You may have noticed that the blog has had a little bit of an overhaul. I found the reason I wasn’t posting as much as I had originally planned was that I wasn’t excited by what I was posting. To me, the articles felt forced. And no-one enjoys reading posts from an author who doesn’t enjoy writing them. As a result, I have decided to spend more time researching and posting articles that mean something to me.

As the title suggests, I have been doing a bit of catch up reading with Knitter’s Review, the brainchild of Clara Parkes. I came across a post that really spoke to me and introduced to me that concept of Slow Stashing. You can read that post here. It’s a really simple concept, prune your yarn stash to nurture creativity. Clara first introduced the concept in 2009, as a new years resolution for knitting, encouraging us to be mindful of every skein of yarn we own and only allowing new skeins into your stash that truly inspire you. It is such a simple concept, but an interesting one. We all have those balls or skeins of yarn that we bought on a whim or when we first started knitting that we no longer know what to do with or even want to knit with.

After reading Clara’s post, I was inspired. She suggests sorting your stash into 2 piles, the happy pile and the unhappy pile. As you can guess, the happy pile contains all the skeins that make your heart sing and you want to grab your needles straight away and cast on. The unhappy pile is for all the skeins that you felt compelled to buy, to knit with and now keep, even though they don’t inspire you.
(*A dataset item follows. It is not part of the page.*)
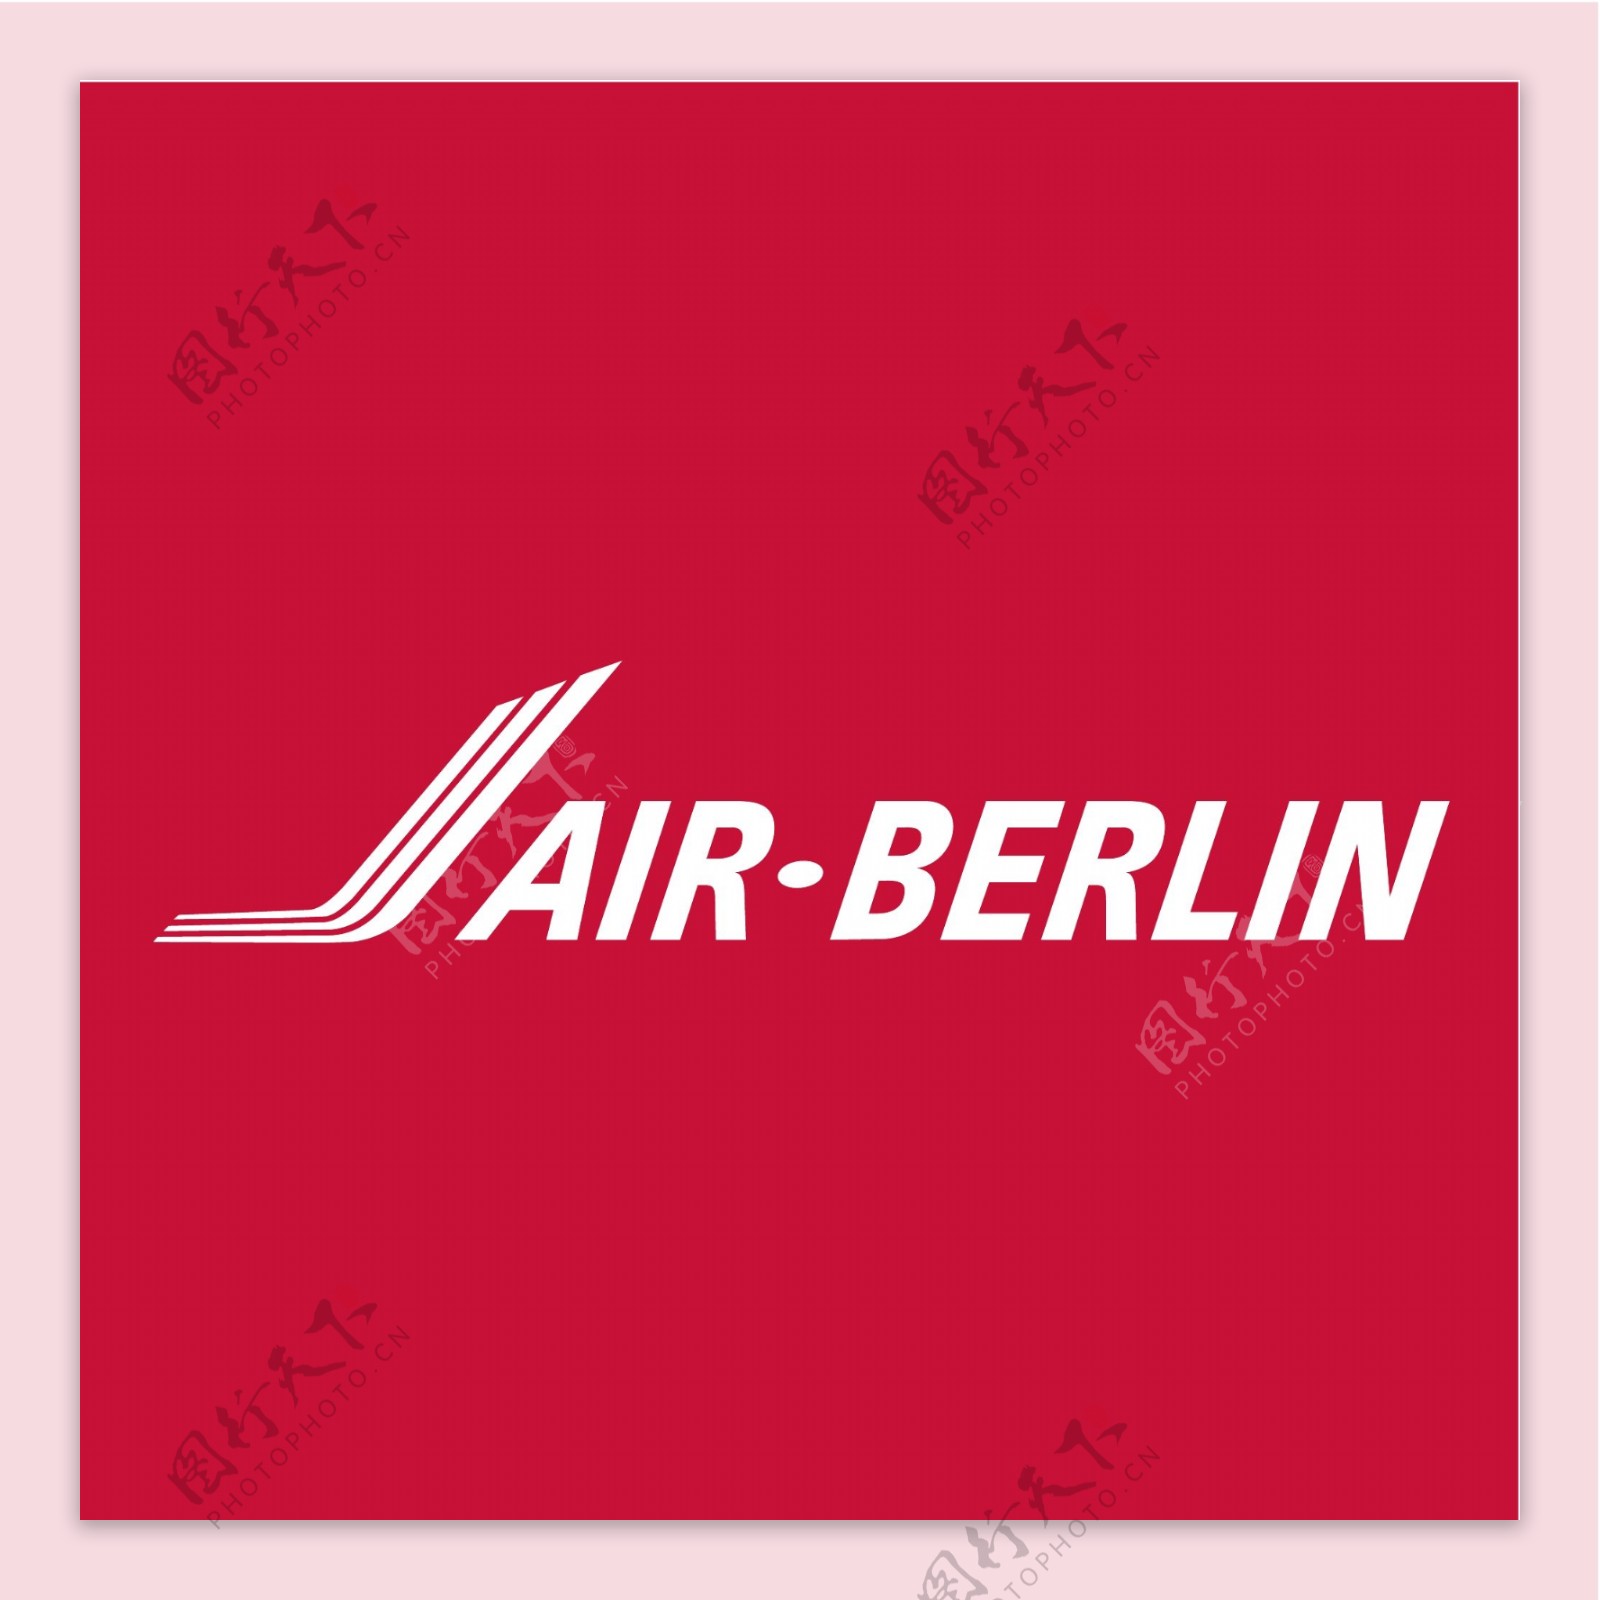 柏林航空标志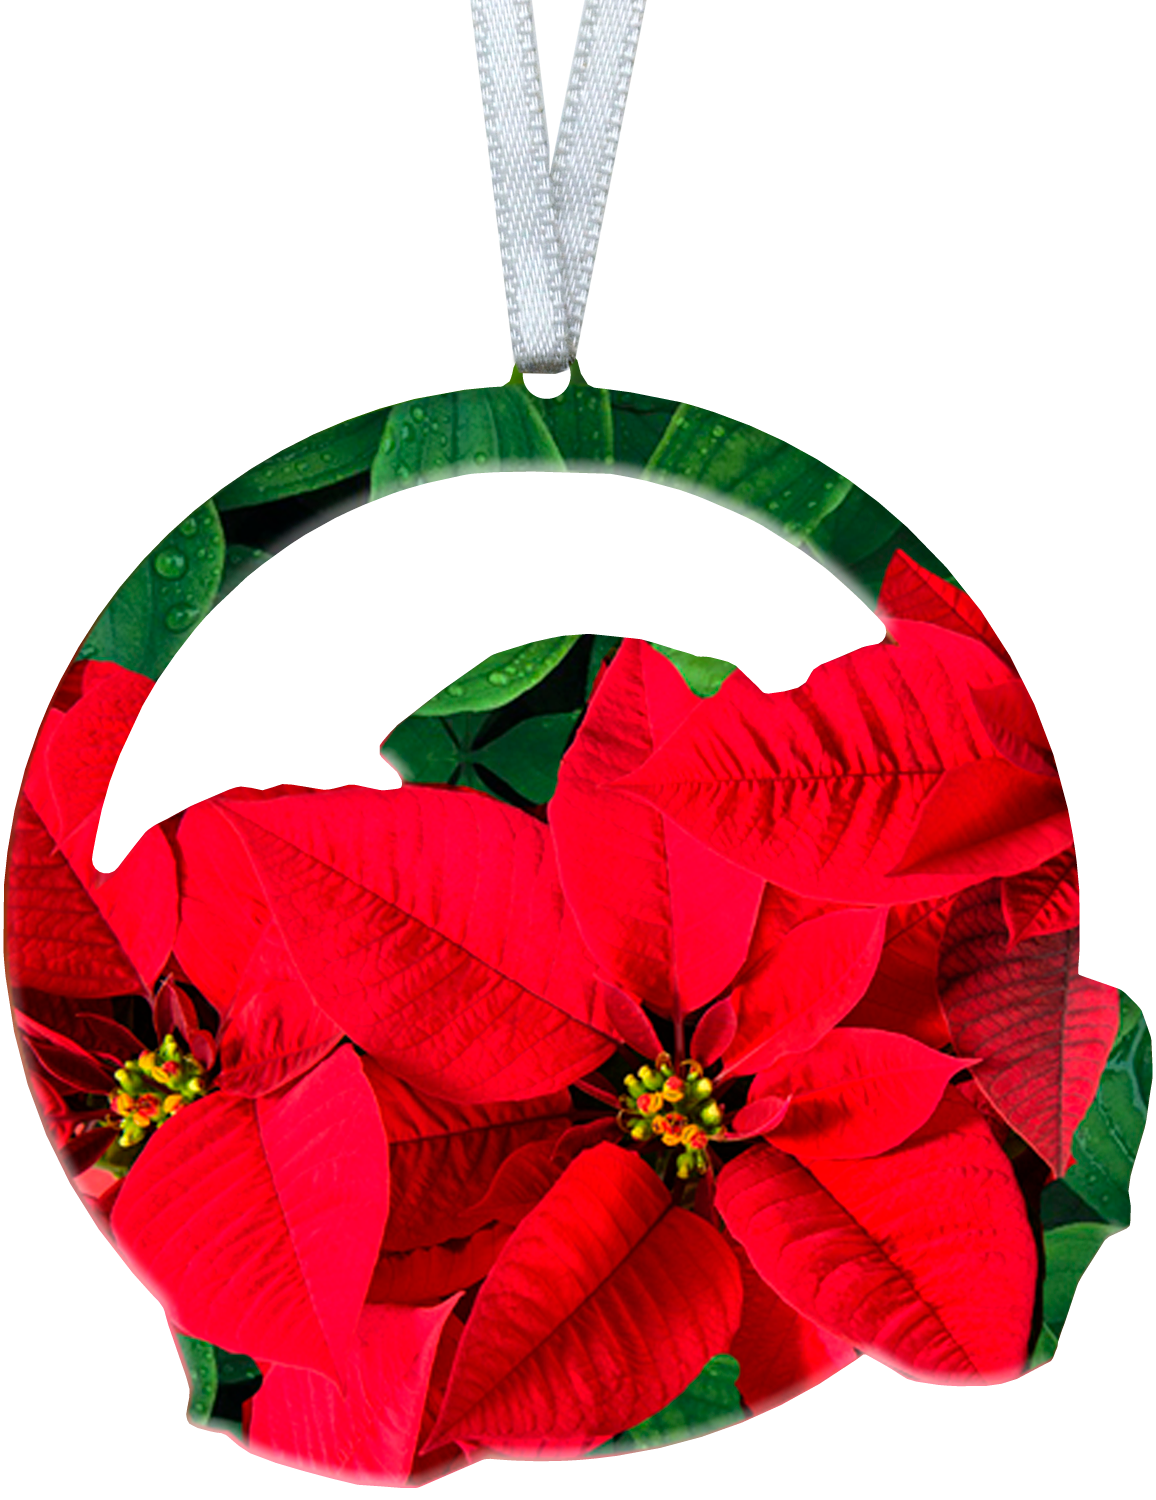 Poinsettia 4 inch ornament

To quote the post

In the unhappy pile go all the yarns that immediately cause your spirits to sag. These yarns appealed to your sense of “should”—I should buy this, I should knit something out of this, and, even now, I should keep this. As soon as you find yourself muttering the word “should,” put that yarn in the unhappy pile. Also in the unhappy pile go yarns that, through no fault of their own, carry emotional baggage. Yarns were innocent bystanders to tough times in your life. Yarns that you’ve already tried to use a few times but always ended up frogging. Yarns that you feel you should use even though the spark just isn’t there. Those yarns need to go.” – Resolutions for 2009: Slow Stashing by Clara Parkes

Since it is a holiday weekend here in the United States, I knew that this would be the perfect time to go through my stash. Although my stash of yarn is small compared to most knitters, I was all too aware that there were still skeins in there that fit the unhappy pile criteria. In addition, the September Madison Knitters’ Guild meeting is coming up and they will gladly accept yarn as donations for community knitting projects or the December Sale. I currently store my yarn stash in a basket next my TV, so I can gaze upon it while I sit on the sofa. I emptied it out and proceeded to sort through my yarn. It was liberating. Knowing that the yarn that no longer inspired me, would inspire someone else, or be used for the various community projects organised by the guild.

It has definitely encouraged me to be more mindful of the skeins that I do buy, being aware that I only let skeins into my life that I can simply not do without. I hope that you are similarly inspired to look through your own stash and see what you can donate or sell from your stash and inspire someone else with those skeins, as they once did for you. I’d love to hear your thoughts on this.